2015-12-14 18:28:02,822 [BitServer-1] WARN o.a.d.exec.rpc.control.ControlServer – Message of mode REQUEST of rpc type 7 took longer than 500ms. Actual duration was 121081ms.
2015-12-14 18:28:02,870 [2990f646-eb31-bcb7-5c41-55a4e1b1a9d8:frag:1:0] INFO o.a.d.e.w.fragment.FragmentExecutor – 2990f646-eb31-bcb7-5c41-55a4e1b1a9d8:1:0: State change requested RUNNING –> FINISHED
2015-12-14 18:28:02,870 [2990f646-eb31-bcb7-5c41-55a4e1b1a9d8:frag:1:0] INFO o.a.d.e.w.f.FragmentStatusReporter – 2990f646-eb31-bcb7-5c41-55a4e1b1a9d8:1:0: State to report: FINISHED
2015-12-14 18:30:02,822 [WorkManager.StatusThread] ERROR o.a.d.exec.rpc.RpcConnectionHandler – Failed to establish connection
java.util.concurrent.TimeoutException: Timeout waiting for task.
at com.google.common.util.concurrent.AbstractFuture$Sync.get(AbstractFuture.java:276) ~[guava-14.0.1.jar:na]
at com.google.common.util.concurrent.AbstractFuture.get(AbstractFuture.java:96) ~[guava-14.0.1.jar:na]

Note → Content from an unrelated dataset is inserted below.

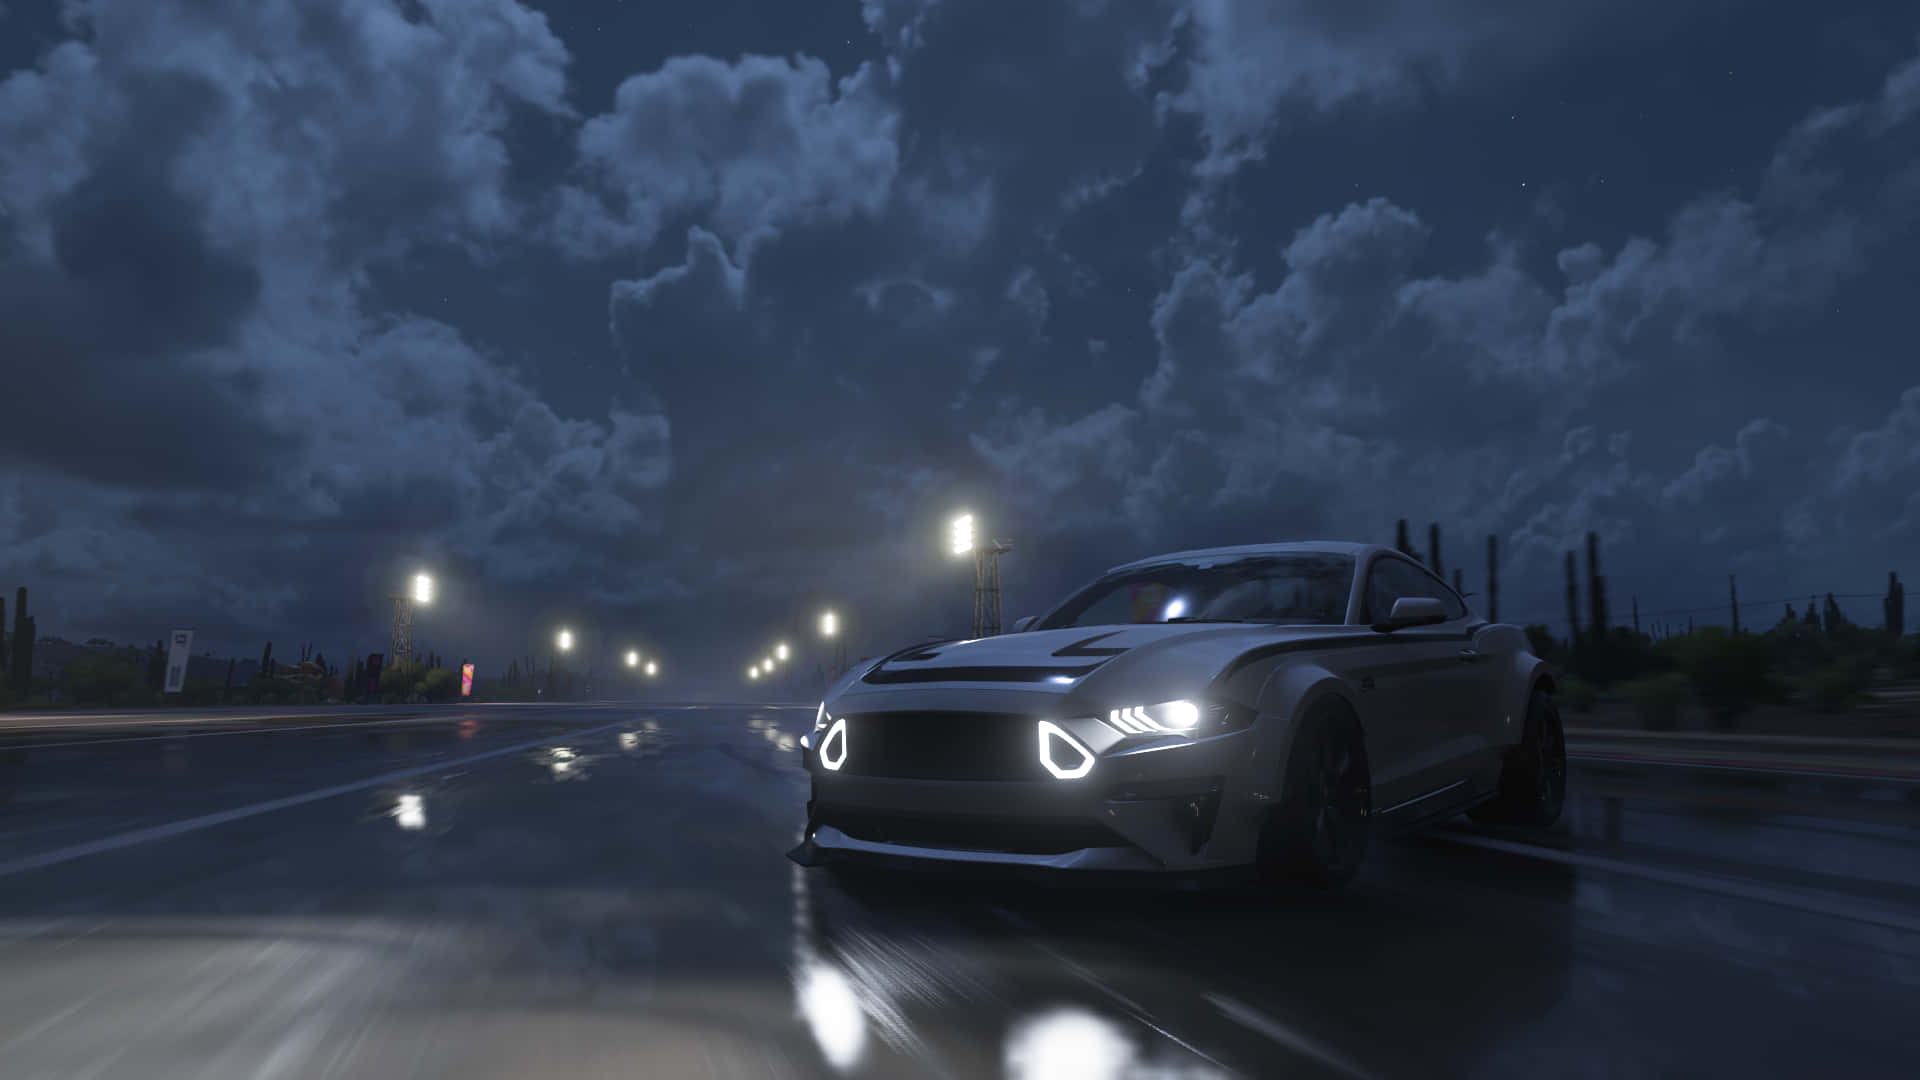 Ford Mustang Sports Car In The Dark Wallpaper

at org.apache.drill.exec.rpc.ReconnectingConnection$ConnectionListeningFuture.waitAndRun(ReconnectingConnection.java:115) ~[drill-java-exec-1.2.0.jar:1.2.0]
…
This pointed me to an HBase problem, since with was not a timeout, I restarted the HBase RegionServer and the problem was repaired. You should see a corresponding error to the UnknownScannerException error in the HBase RegionServer log.